Kardemir Çelik olarak demir, filmaşin ve inşaat demiri ile kütük demir üretimimiz 2023 yılında toplam 1 milyon 401 bin tonu geçti. Toplam üretimimizin, Türkiye’nin ham çelik üretimi içindeki payı ise yaklaşık yüzde 4,2 civarında oldu.
2024 yılının ilk 6 aylık döneminde ciromuz 8,9 milyar TL olarak gerçekleşirken, ciromuzun 3,3 milyar TL’si yurt dışı satışlardan oluştu. 110’dan fazla ülkeye gerçekleştirdiğimiz ihracatla Türk çeliğinin kalitesini dünyaya taşıyoruz. Yatırımlarımızla global arenadaki yerimizi daha da sağlamlaştırmayı hedefliyoruz.
Küresel ekonomideki durgunluğun en çok etkilediği sektörlerin başında gelen Çelik sektörü için 2024 yılı nasıl geçti? Çin’in agresif ihracatı Türk çelik sektörünü ve sizi nasıl etkiledi? 2025 yılı için hem Türkiye hem de Dünya çelik sektörü için beklentileriniz nelerdir?
2024 yılının ocak-kasım döneminde küresel ham çelik üretimi 1 milyar 694 milyon ton oldu. Söz konusu dönemde Çin’de üretim yüzde 2,7 düşüşle 929,2 milyon ton seviyesinde kalırken, Hindistan’da yüzde 5,9 artışla 135,9 milyon ton oldu. Türkiye üretimini yüzde 11,2 artırırken, en fazla oransal artış gösteren ülke oldu. Ülkemizin toplam üretimi 33,9 milyon ton gerçekleşirken, dünyanın en büyük 10 ham çelik üreticisi ülke arasında 8’inci konumumuzu korumaya devam ediyoruz.
“Çin’in agresif ihracatına karşı AB ile ortak hareket etmeliyiz”

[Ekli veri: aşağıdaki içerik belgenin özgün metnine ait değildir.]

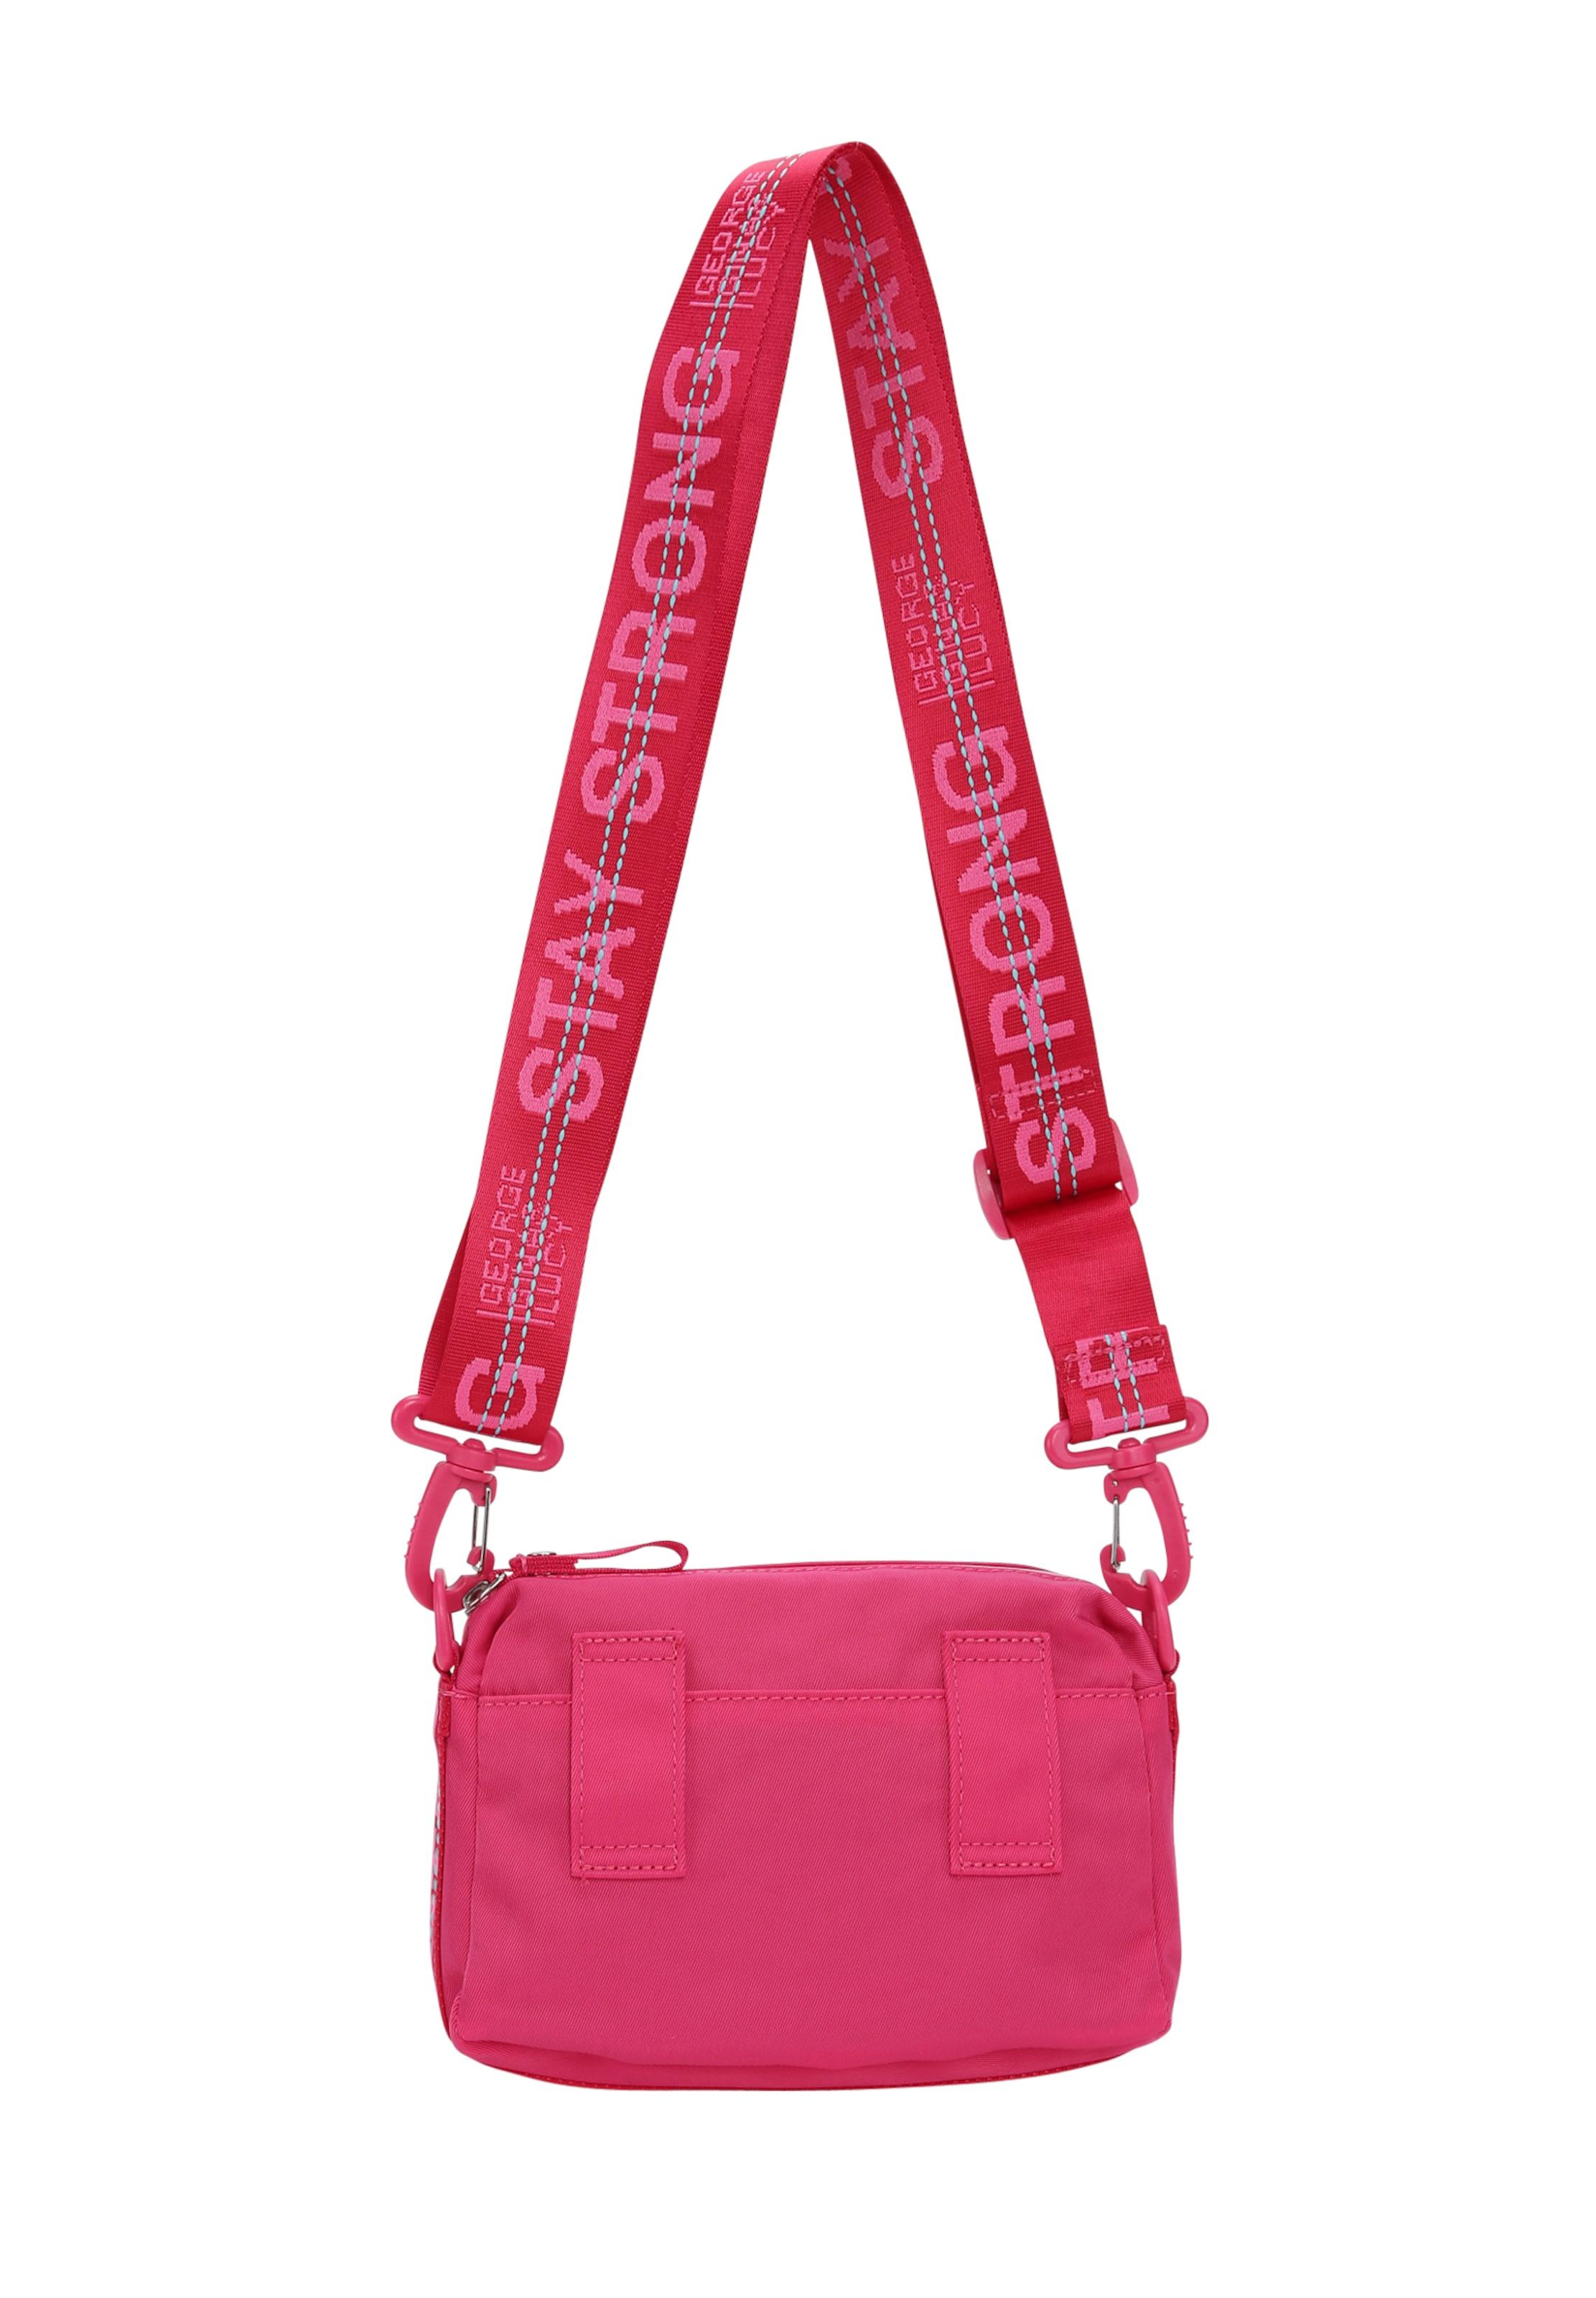 In 'yma' Bag Lucy Ginaamp; Crossbody Pink George Y7gyvbf6

AB’nin uyguladığı anti-damping vergileri ile kota uygulamaları, ABD’nin önlemleri, Çin’de iç piyasada yaşanan talep daralması Çinli üreticileri ihracata yönlendirirken, Türk demir çelik sektörünün rekabet gücünü azaltıyor. Çin’in agresif ihracat tutumu karşısında AB ile ortak hareket etmenin ülkemiz için avantaj sağlayacağına inanıyoruz. Bununla beraber artan enerji ve işçilik maliyetleri, sınırda karbon düzenlemesi mekanizması da sektörümüz için kritik başlıklar olarak öne çıkıyor. Bu doğrultuda sektörümüzün sürdürülebilirlik ve karbonsuz üretime yönelik yatırımlarını hızlandırması ve Avrupa Yeşil Mutabakat standartlarına uyumlu üretim yapması büyük önem teşkil ediyor. Yenilenebilir enerji yatırımlarıyla enerjide bağımsız hale gelmek, katma değerli ürünlere odaklanmak ve yurt dışında iş birliklerimizi güçlendirmek Türk çelik sektörünü global arenada daha da güçlendirecek.

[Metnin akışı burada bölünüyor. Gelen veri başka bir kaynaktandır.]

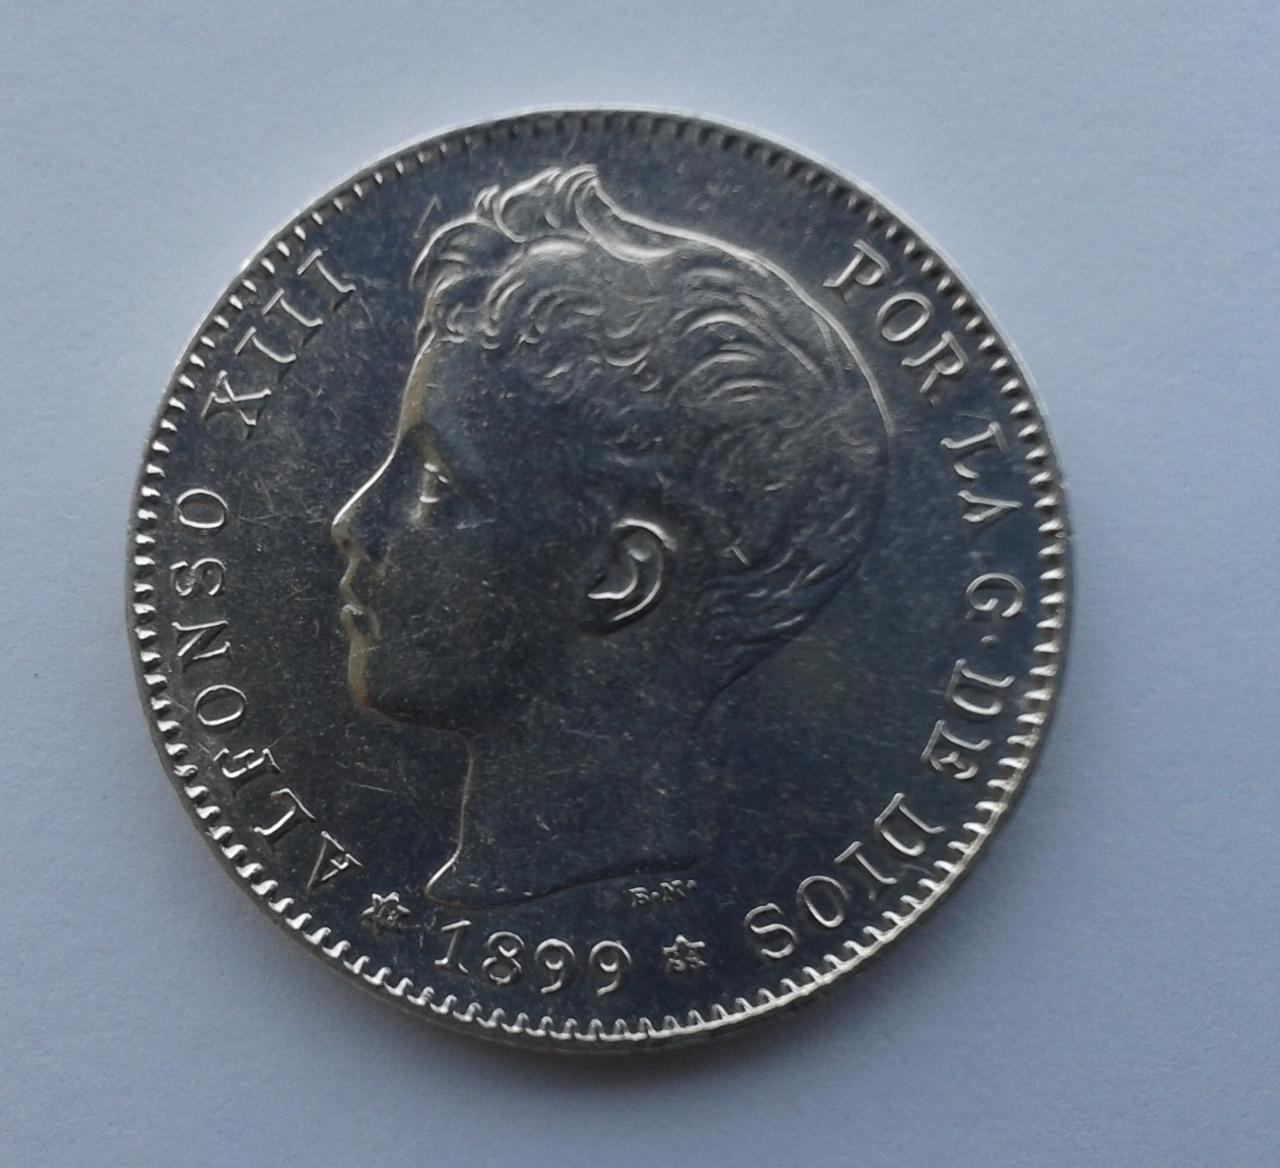 1 peseta 1899 - Alfonso XIII 20141028_152440

“Karbon salımı düşük olan çelik fabrikalarından biriyiz”
Avrupa Yeşil Mutabakatı çerçevesinde üretimde ne gibi yenilikler yaptınız ve yapacaksınız? Geleceğin çeliği olan yeşil çelik için ne gibi planlamalar yapmaktasınız? Sürdürülebilir ve döngüsel ekonomi için nasıl bir yol izliyorsunuz ve hedefliyorsunuz?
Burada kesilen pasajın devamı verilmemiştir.